The task.
Please repeat the data below exactly, with the pictures removed.
+++ Input data
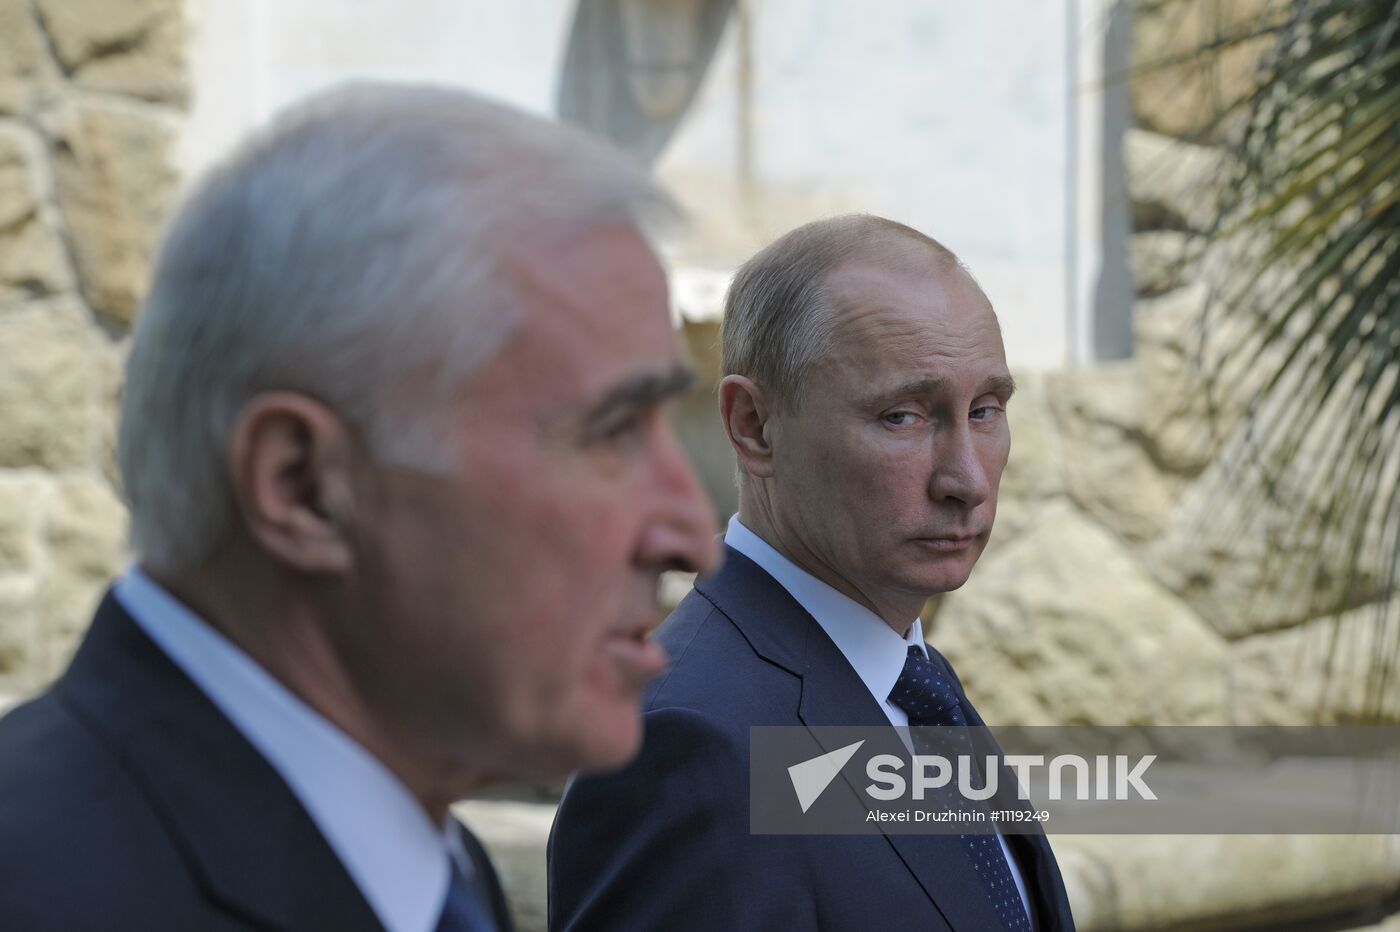 Vladimir Putin meets with Leonid Tibilov
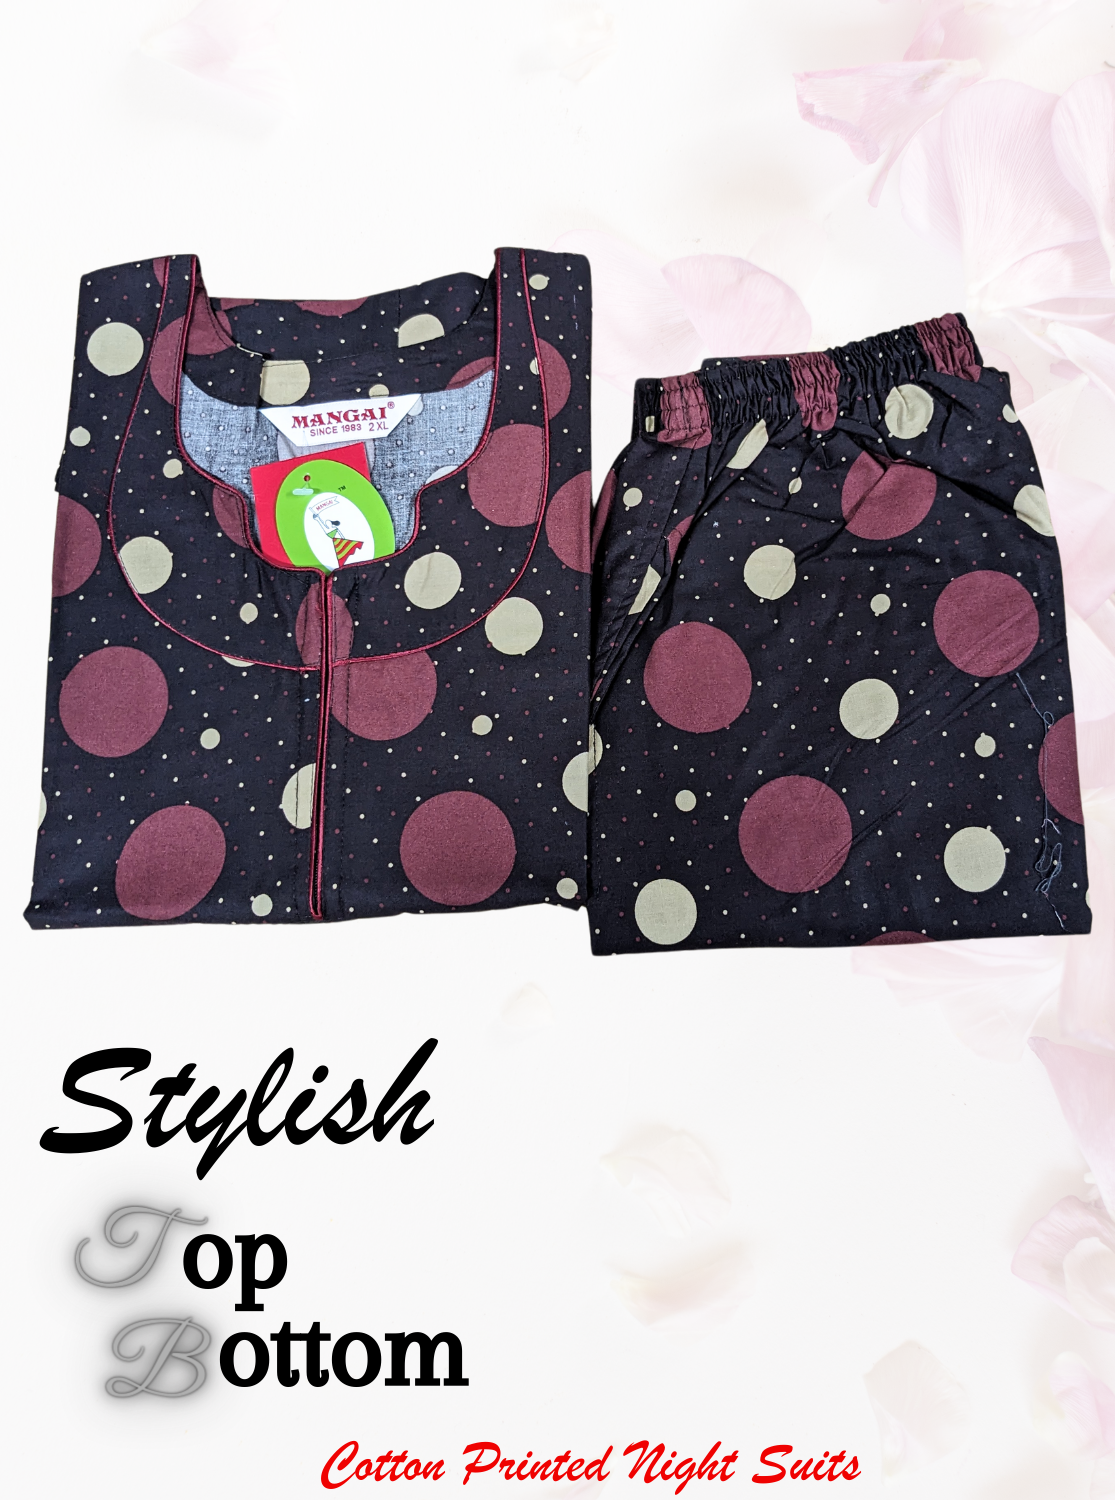 MANGAI Premium Cotton Printed Stylish Night Suits- Stylish Printed Top & Bottom Set for Trendy Women's
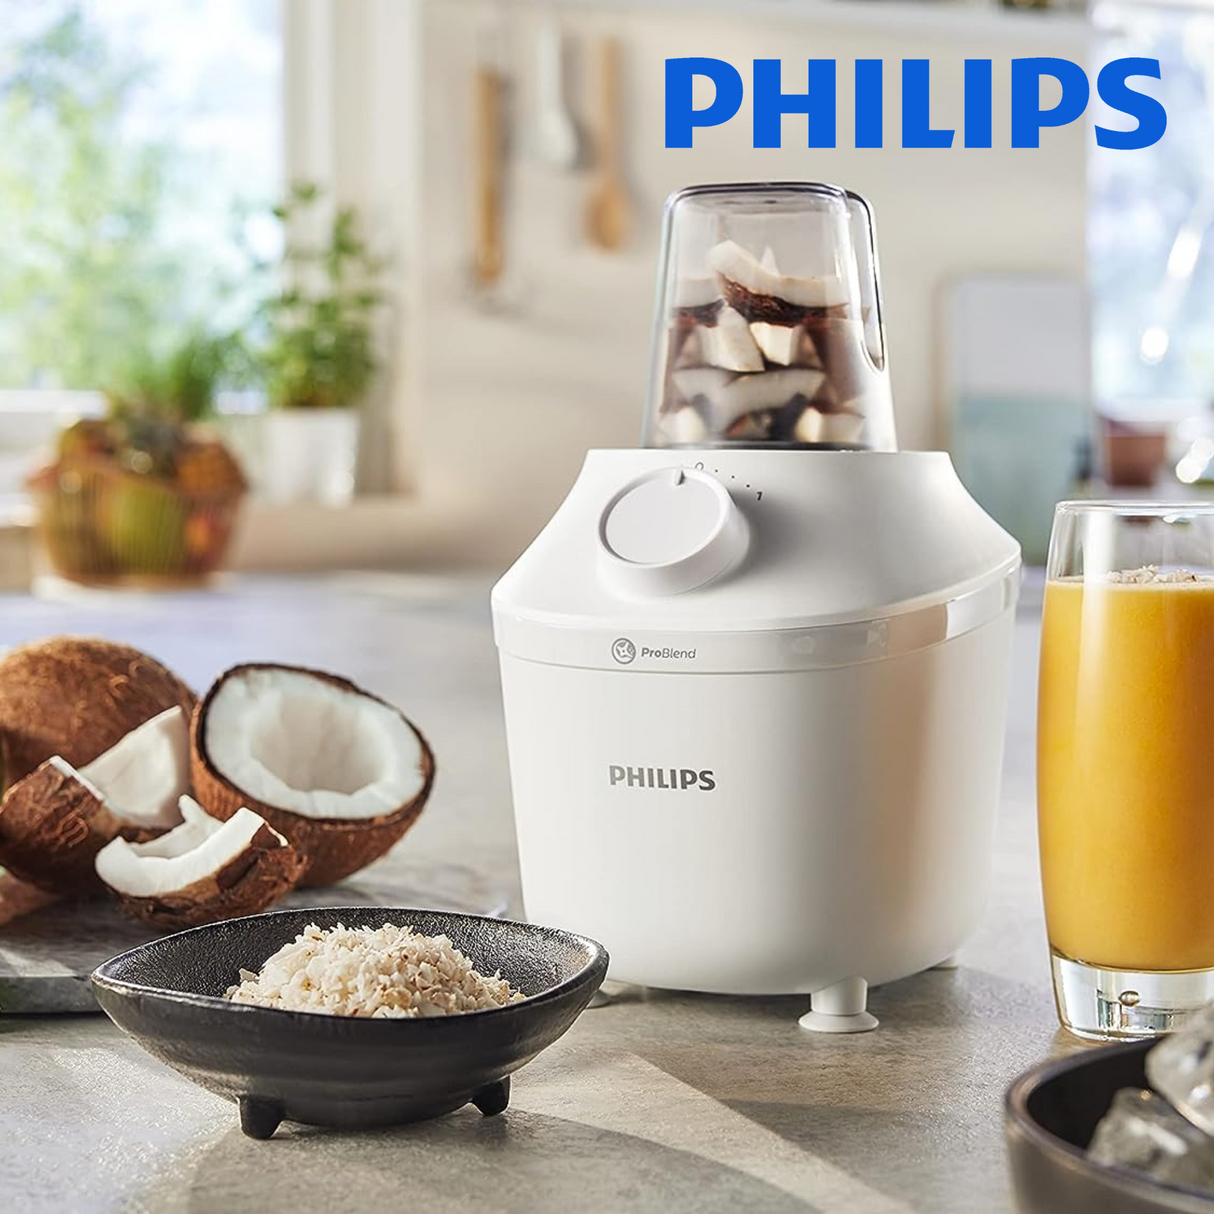 Philips Blender - 450 Watt, 1.9 Liters
++++++
Answer box.
 Vladimir Putin meets with Leonid Tibilov
 MANGAI Premium Cotton Printed Stylish Night Suits- Stylish Printed Top & Bottom Set for Trendy Women's
 Philips Blender - 450 Watt, 1.9 Liters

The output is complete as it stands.